We realize that neutrality, rather than obsession or avoidance, is what gives us true choice.
Pleasure as a health practice
Diet culture taught us that pleasure was the opposite of discipline.
But that’s completely backwards. Pleasure activates the parasympathetic nervous system — the “rest and digest” branch that helps your body absorb nutrients, regulate blood sugar, and signal satisfaction.
When we savour our food, I mean really taste it, smell it, and feel it, our digestion improves, our stress hormones drop, and we actually metabolize food more effectively.
Pleasure is not a threat to health.
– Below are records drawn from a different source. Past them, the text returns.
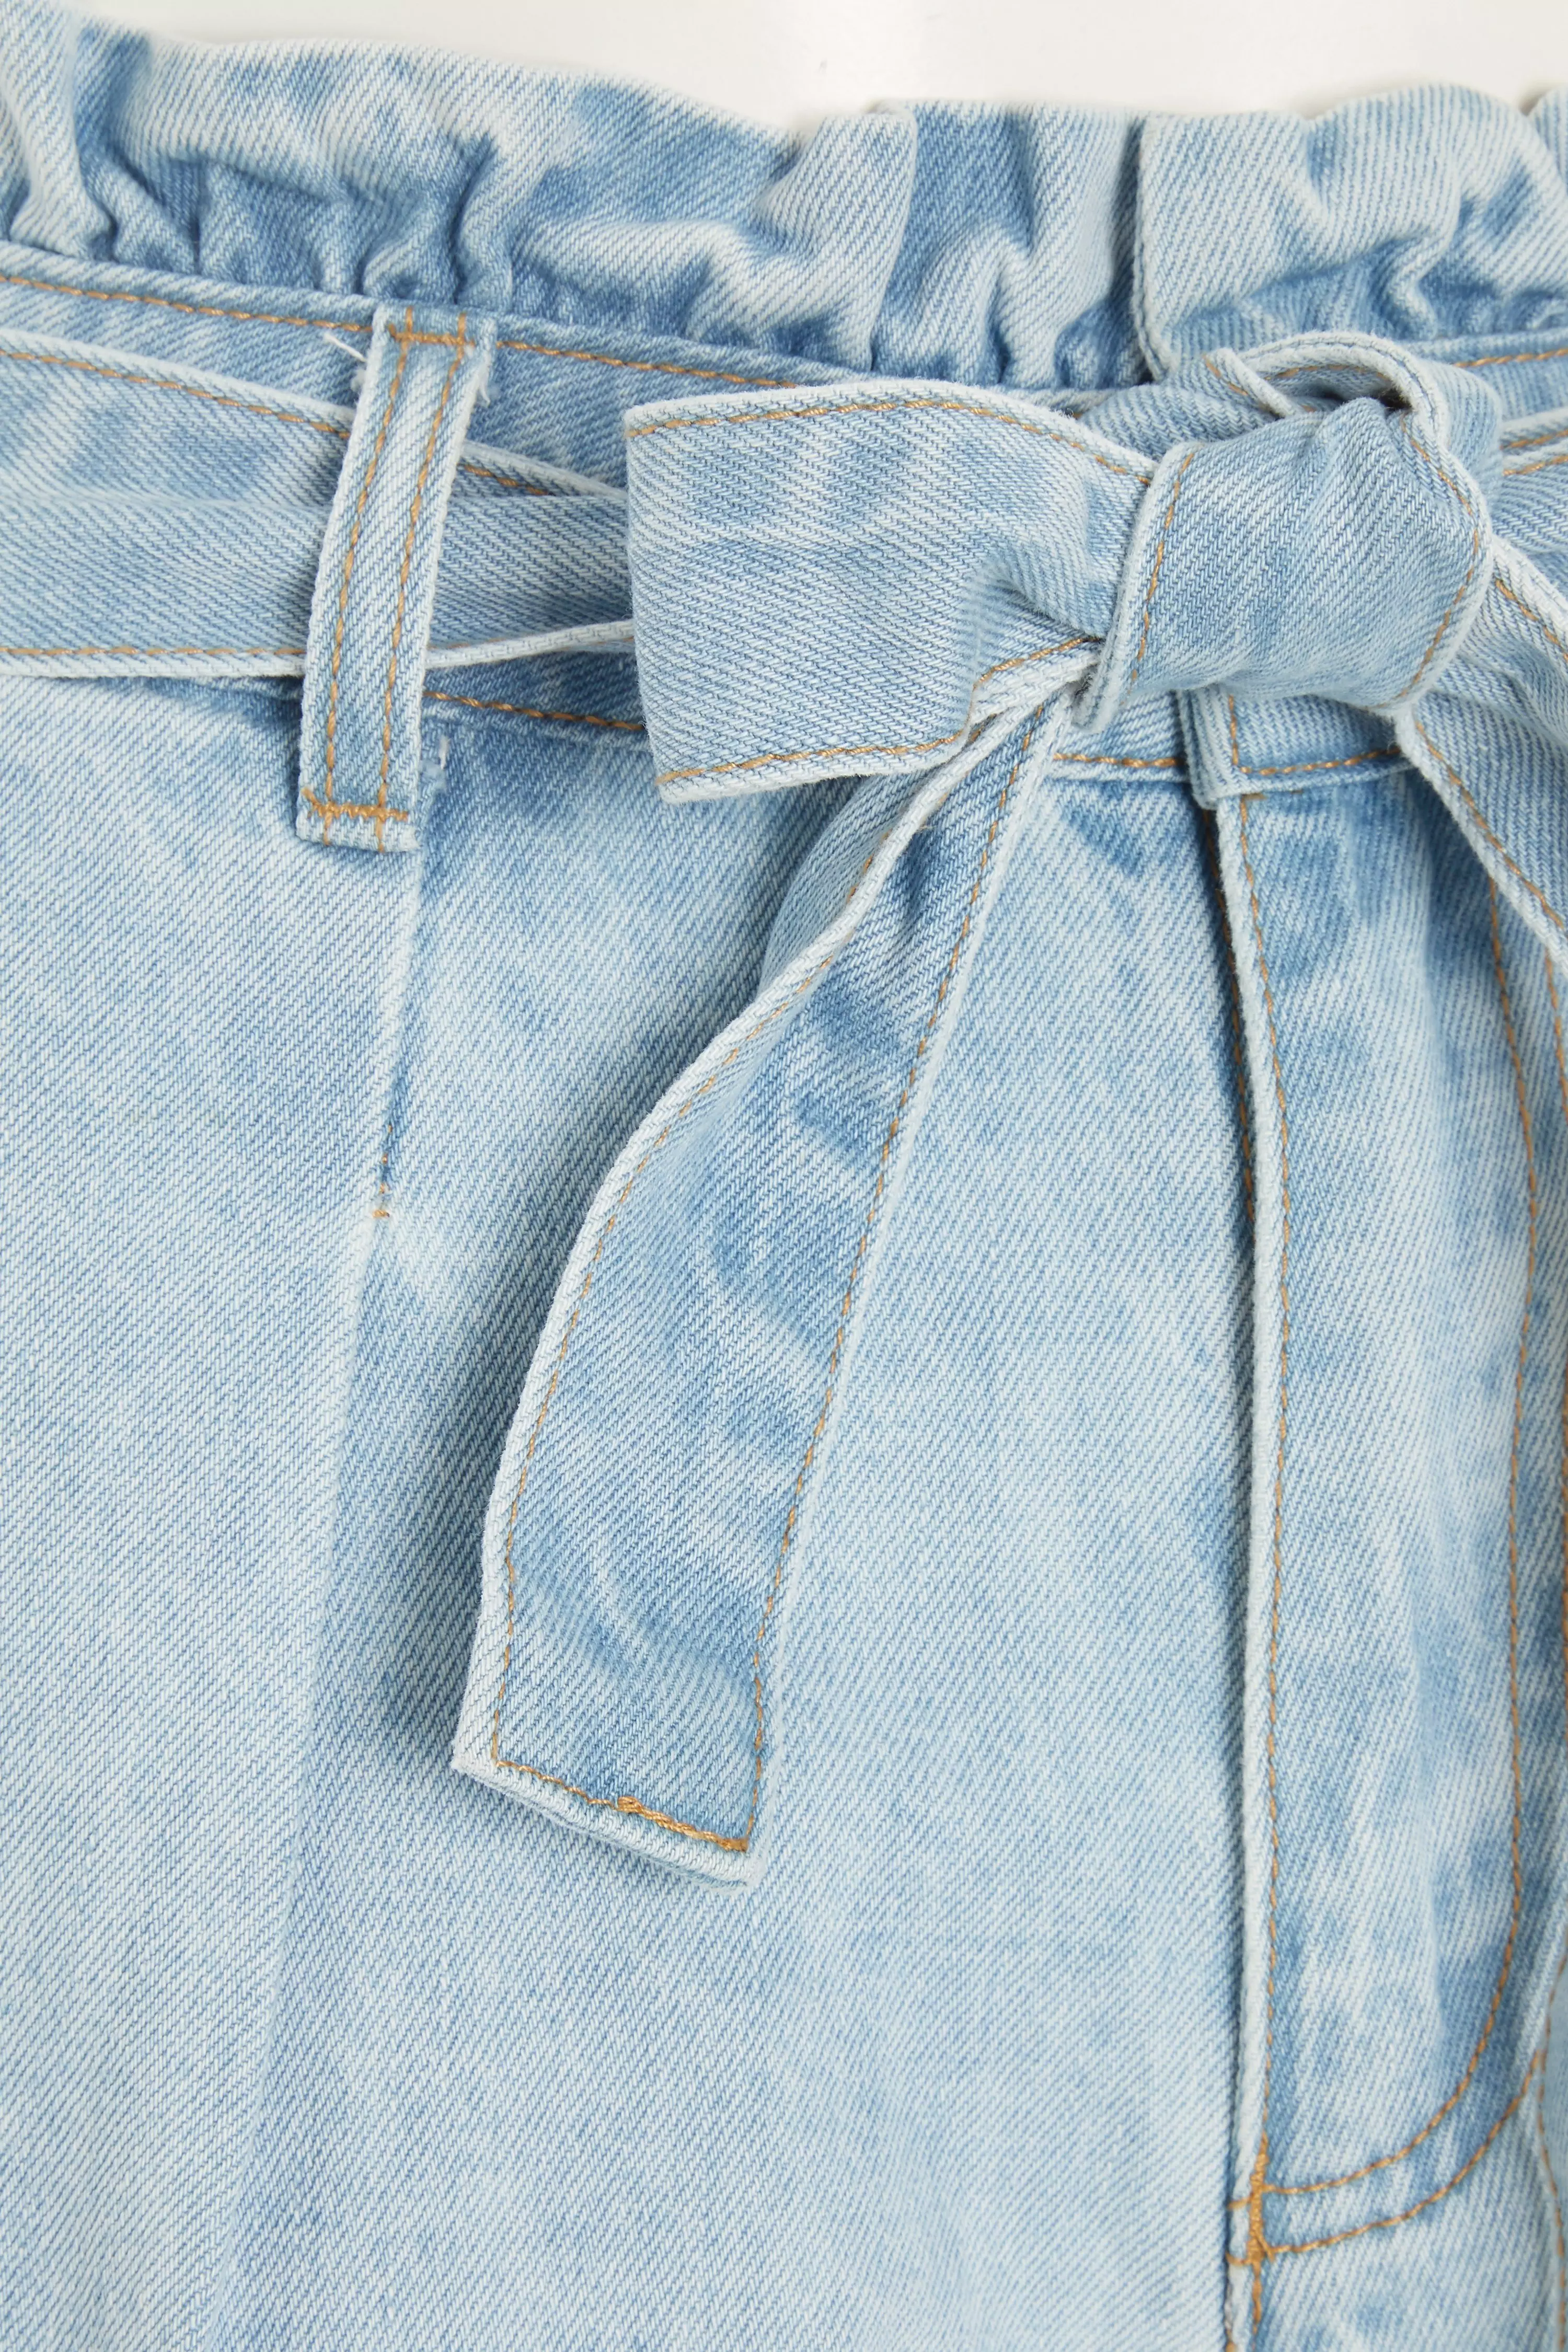 Blue Denim Paperbag Waist Shorts
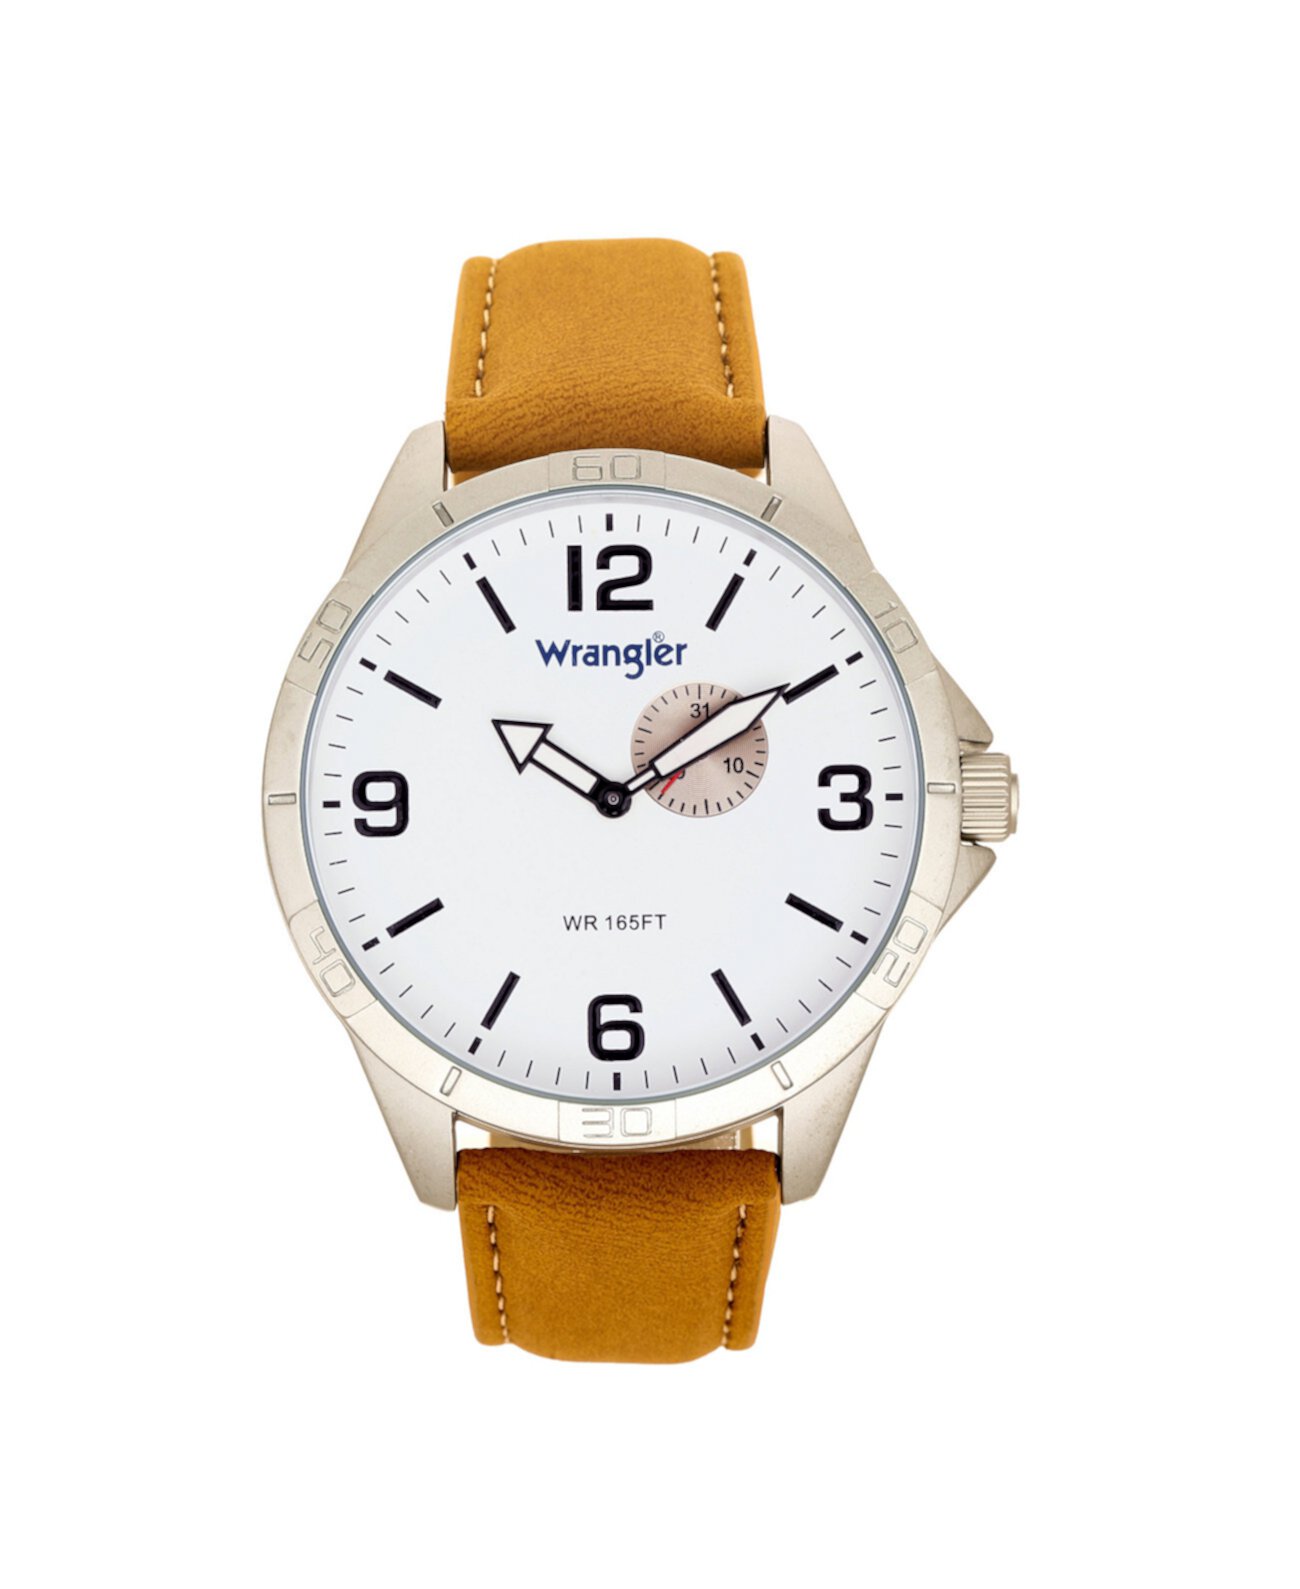 Мужские часы, корпус 48 мм с IP-защитой, белый циферблат, дополнительный циферблат, коричневый ремешок Wrangler
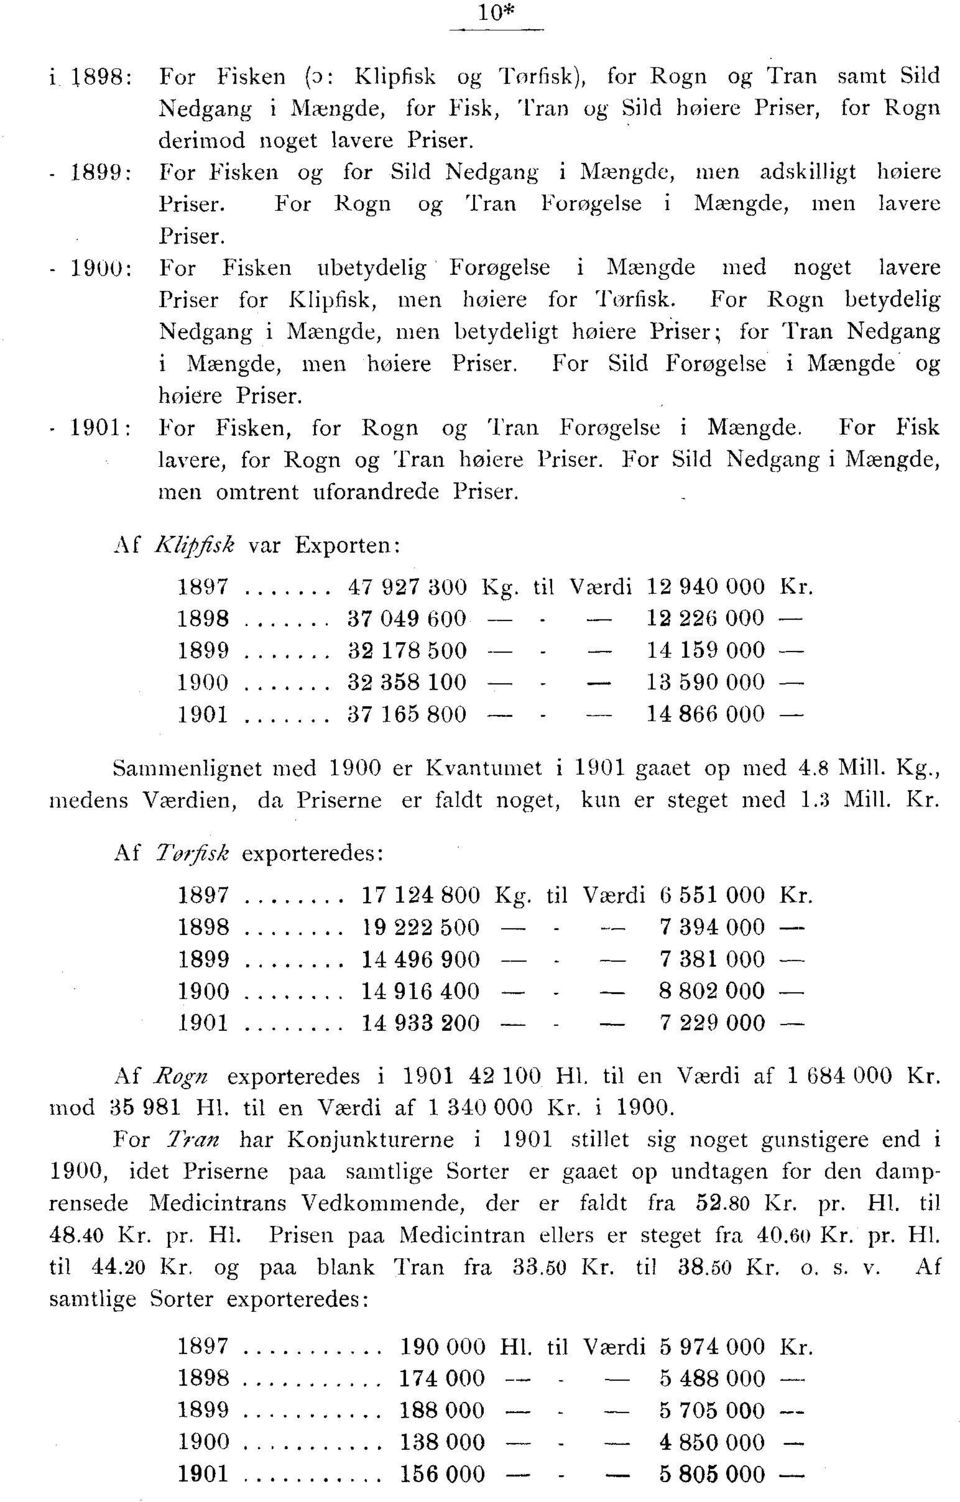 1900: For Fisken ubetydelig Forøgelse i Mængde med noget lavere Priser for Klipfisk, men højere for Tørfisk.

It’s part of health.
And visual pleasure counts too. Looking at beautiful food, planning meals, or watching someone cook can all be nourishing when they come from trust rather than fear.
That’s the difference between thinking, “I wish I could have that,” and thinking, “That looks delicious. I’d love to make that sometime.”
One comes from scarcity; the other from abundance.
Reclaiming “food porn”
Maybe it’s time to retire the term altogether. Or maybe we just need to reclaim it.=
Because food is sensual in the truest, most human sense. It touches every sense we have: the aroma, the color, the warmth, the texture, the sound of a knife against a cutting board.
When we shame that, we disconnect from something deeply life-giving.
An invitation
So here’s my invitation to you this week:
When you flip through a cookbook or see photos of delicious food online, notice what comes up. Do you feel curiosity, warmth, inspiration — or guilt and fear?
If it’s the latter, what would it look like to slowly invite pleasure back in?
Maybe it starts with a cooking show you used to love. Maybe it’s a cozy meal that makes your kitchen smell like home. Maybe it’s simply lighting a candle and eating something you truly enjoy…slowly, intentionally, with all your senses awake.
Because food isn’t the enemy. Neither is pleasure. The real enemy is the belief that you don’t deserve either.